Before the 2023 census, Geraldine had a smaller boundary, covering 3.12 km2. Using that boundary, Geraldine had a population of 2,706 at the 2018 New Zealand census, an increase of 306 people (12.8%) since the 2013 census, and an increase of 309 people (12.9%) since the 2006 census. There were 1,173 households, comprising 1,254 males and 1,449 females, giving a sex ratio of 0.87 males per female. The median age was 48.6 years (compared with 37.4 years nationally), with 498 people (18.4%) aged under 15 years, 357 (13.2%) aged 15 to 29, 1,068 (39.5%) aged 30 to 64, and 786 (29.0%) aged 65 or older.
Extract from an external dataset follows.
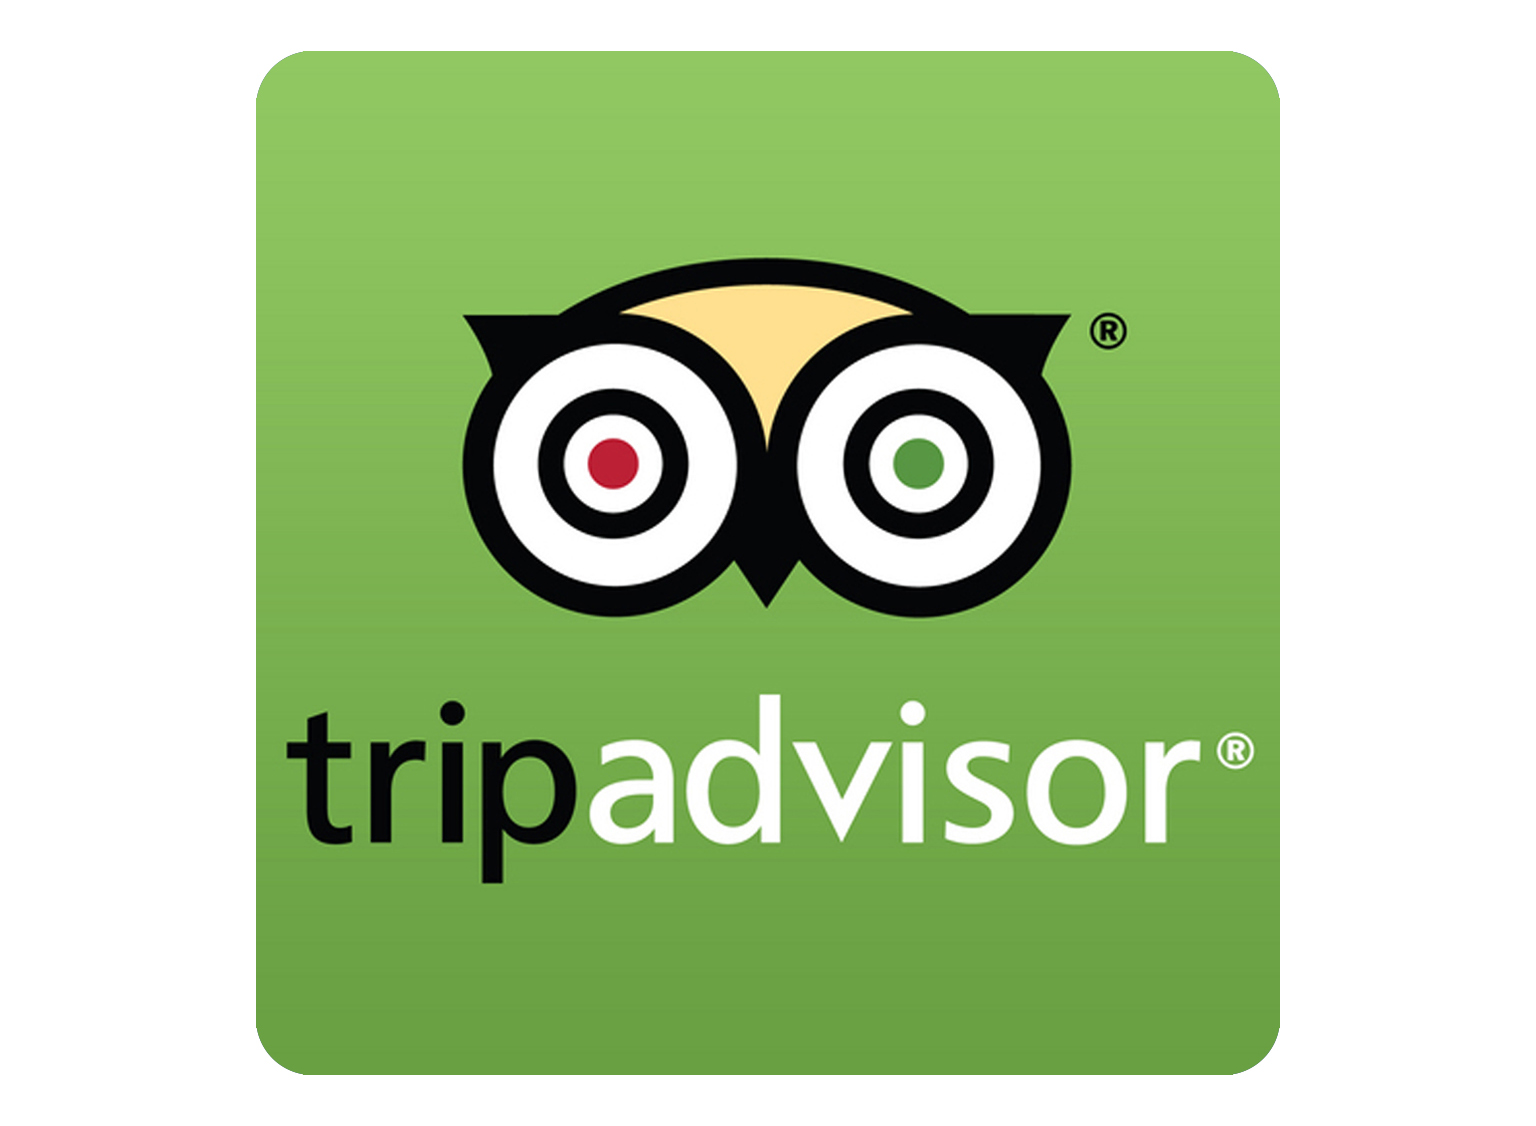 Bildergebnis für tripadvisor logo

Ethnicities were 94.7% European/Pākehā, 7.2% Māori, 1.0% Pasifika, 2.3% Asian, and 1.6% other ethnicities. People may identify with more than one ethnicity.

The percentage of people born overseas was 16.2, compared with 27.1% nationally.

Although some people chose not to answer the census's question about religious affiliation, 48.8% had no religion, 41.0% were Christian, 0.1% had Māori religious beliefs, 0.1% were Hindu, 0.2% were Buddhist and 1.2% had other religions.

Of those at least 15 years old, 324 (14.7%) people had a bachelor's or higher degree, and 543 (24.6%) people had no formal qualifications. The median income was $27,400, compared with $31,800 nationally. 297 people (13.5%) earned over $70,000 compared to 17.2% nationally. The employment status of those at least 15 was that 939 (42.5%) people were employed full-time, 354 (16.0%) were part-time, and 42 (1.9%) were unemployed.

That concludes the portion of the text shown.